Mort Engelberg, a producer for “Smokey and the Bandit” and “The Big Easy,” has died at age 85, according to media reports. Engelberg was also known as the person who organized Bill Clinton and Al Gore’s bus tour during the 1992 presidential race, a feat that took the pair through a number of states ahead of the Democratic National Convention.
Deadline first reported Engelberg’s death and noted that his wife, Helaine Blatt, was by his side.
His additional producing credits included the two sequels for “Smokey and the Bandit” as well as “The Big Easy,” “The Hunter,” “Maid to Order” and “Three for the Road.”

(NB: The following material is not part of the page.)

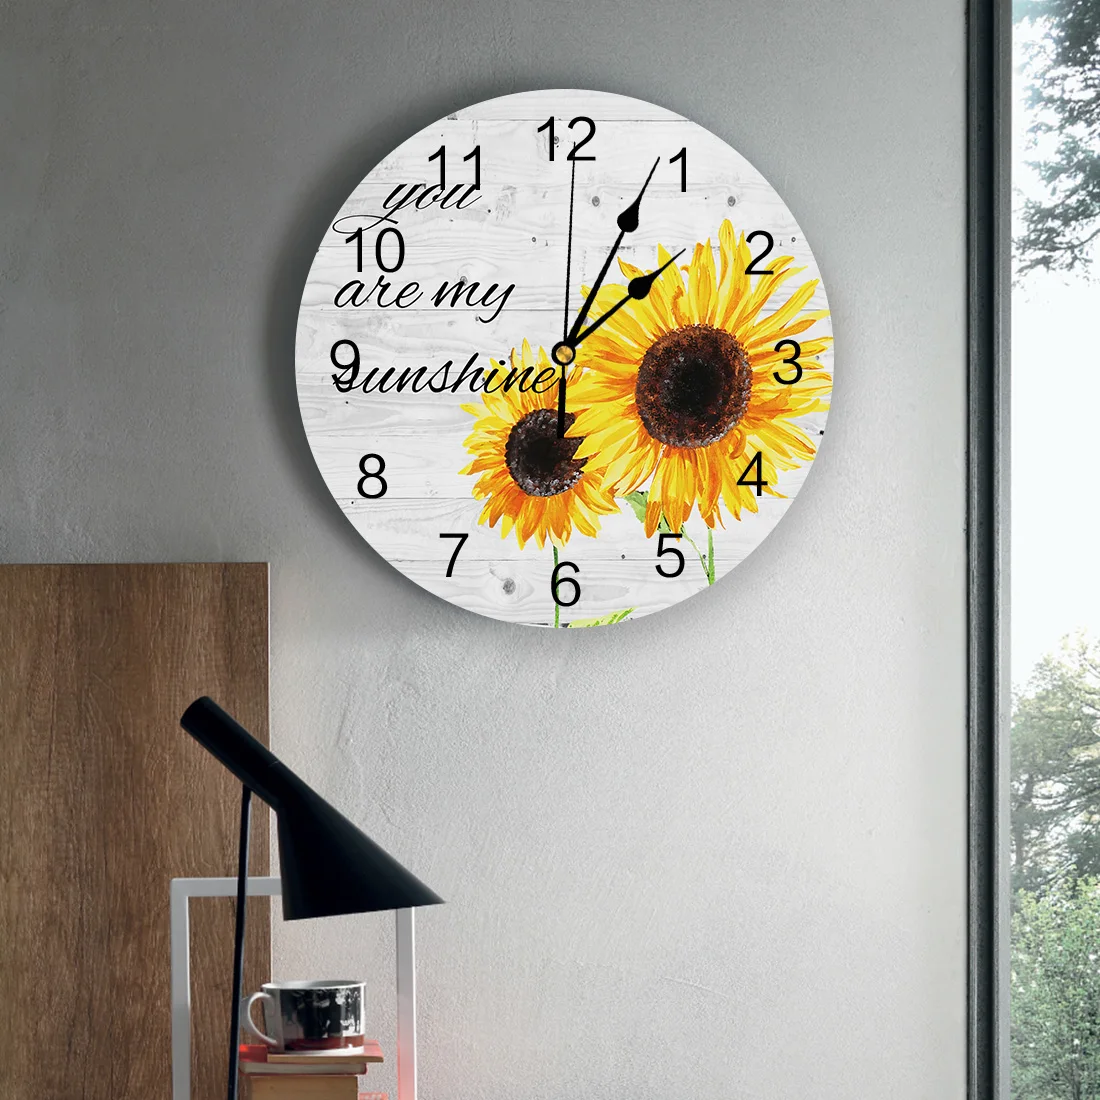 Sunflower You Are My Sunshine Printed PVC Wall Clock Modern Design Home Decor Bedroom Silent O'clock Watch Wall For Living Room

In 1992, he spoke about “Smokey and the Bandit” to the Washington Post. Engelberg said, “We made the movie in 35 days. I just wanted to make a movie I wouldn’t be embarrassed by. It went on to become the ninth or the 11th highest-grossing movie of all time.”
Engelberg had previously organized a similar bus trip for Walter Mondale in 1984 and Michael Dukakis in 1988. Clinton repeated the bus trip approach when he ran for reelection in 1996.
Of the duo’s stop in Centralia, Illinois, Engelberg told the Washington Post that Clinton and Gore were special. He said, “These guys have some sort of quality. It’s magic, it really is.” The paper described Engelberg as “a guy who seemed different from everyone else. He was so marvelously tan! His fashionably longish gray hair swooshed back off his high, noble forehead. His glasses always seemed to be resting on top of his head, never his nose.”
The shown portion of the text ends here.